Musk boosts the NASDAQ, Russian sanctions updating!
Analysis
Ahura Chalki
Author:
Ahura Chalki
Published on: 05.04.2022 06:58 (UTC)
Post reading time: 1.7 min
993

Gain, and caution with inverted bond yields.


On Monday, stock markets ignored the Russia-Ukrain conflict news, as it is already in its second month, and market participants are used to this tension. We can see this incuriosity in the VIX chart, with USVIX down move towards 22.20


The week started with a positive signal from Asian markets, while Chinese markets were closed and will be closed Today, Tuesday, April 5 as well. In Europe, FTSE increased 0.3%, DAX30 gained 0.5% and CAC40 also raised 0.7%. This is while the global mood remained cautious amid talks of more sanctions against Russia over its invasion of Ukraine. With getting closer to the last hours, stock markets paused and lost some of their gains, as investors and market participants looked at signals from FOMC members on its monetary policy tightening plans.


Monday, Twitter gained 27.12% to close at 49.95 US dollars to become the best performing stock on the S&P 500 after Elon Musk bought 9.2% of its shares. This news also helped Tesla Inc. to close at 1,145.45 and gain 60.86 USD or 5.61%. Dow Jones Industrial Average was up 103/61 points or 0.3%, and NASDAQ closed at 14,532.55, with 271.05 points or 1.90% gain.


But as I mentioned, this positive sentiment was not something to see all over the markets.
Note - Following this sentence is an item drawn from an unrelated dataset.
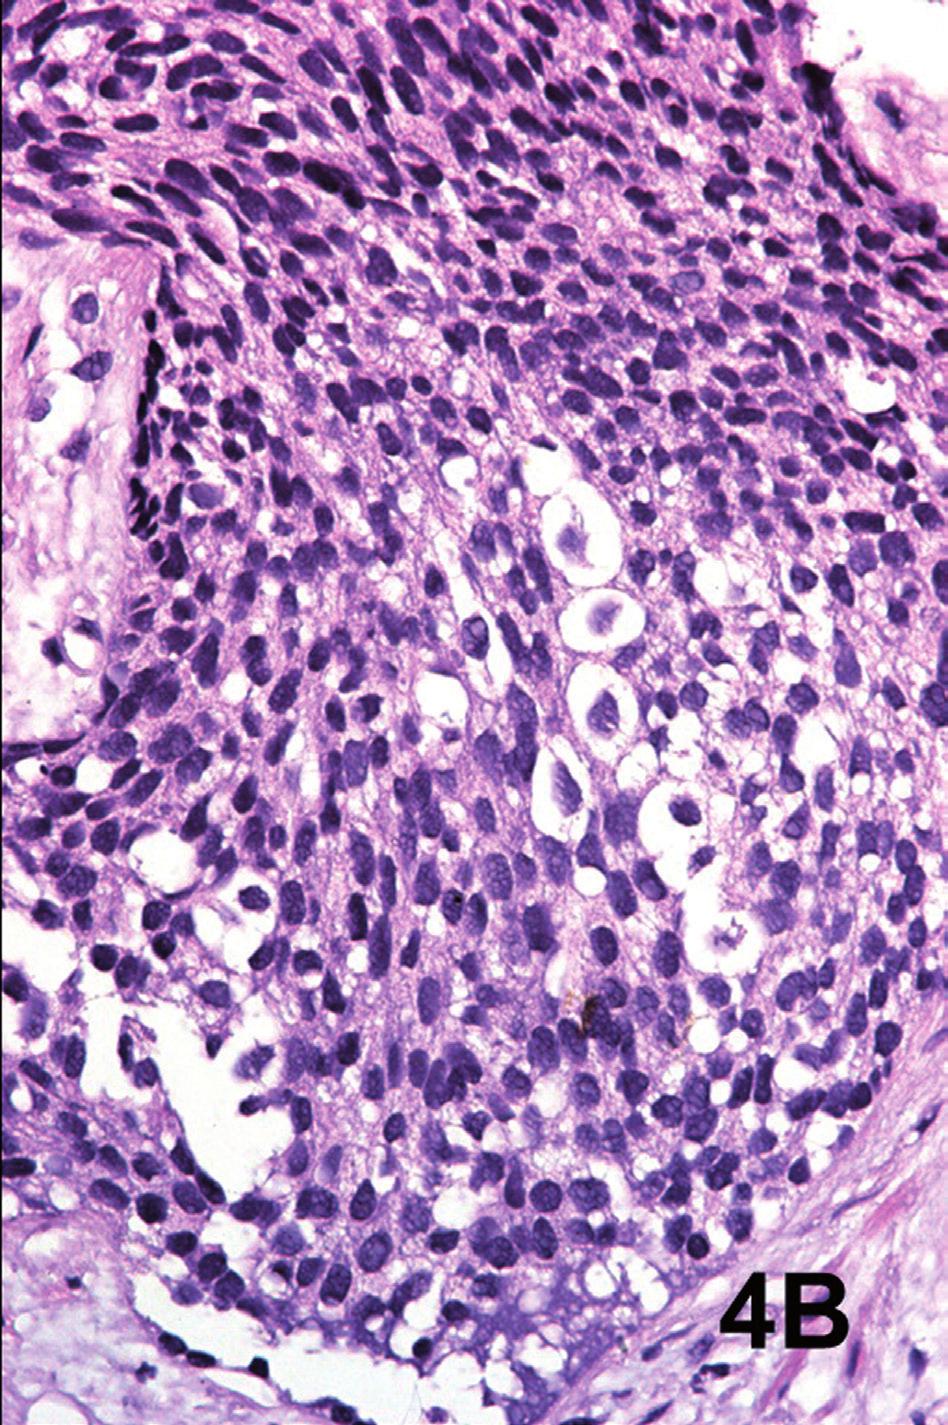 The neoplasm infiltrates ducts of varying diameter and comedonecrosis is observed in a mayor duct.

While the NASDAQ and the S&P 500 gained on Monday, boosted by mega-cap stocks and Twitter shares, most parts of the SP500 closed lower, with a total 0.81% gain.


In addition, we should not forget about bond yields. 2 Year Treasury yields increased rapidly to 2.422 and 10 Year Treasury yields were 2.401. These numbers say, that the gap between 2, and 10-year bond yields remained inverted, and signals of incoming economic recession. This idea gets even more noticeable after last Friday's strong jobs report that supports the aggressive hike rate by FED.


These numbers together, tell us that while we are happy with some gains, still should not forget about overall market sentiment. Still, historically, it can be a buy signal also for many big players and investors, therefore, we should not be that much pessimistic as well.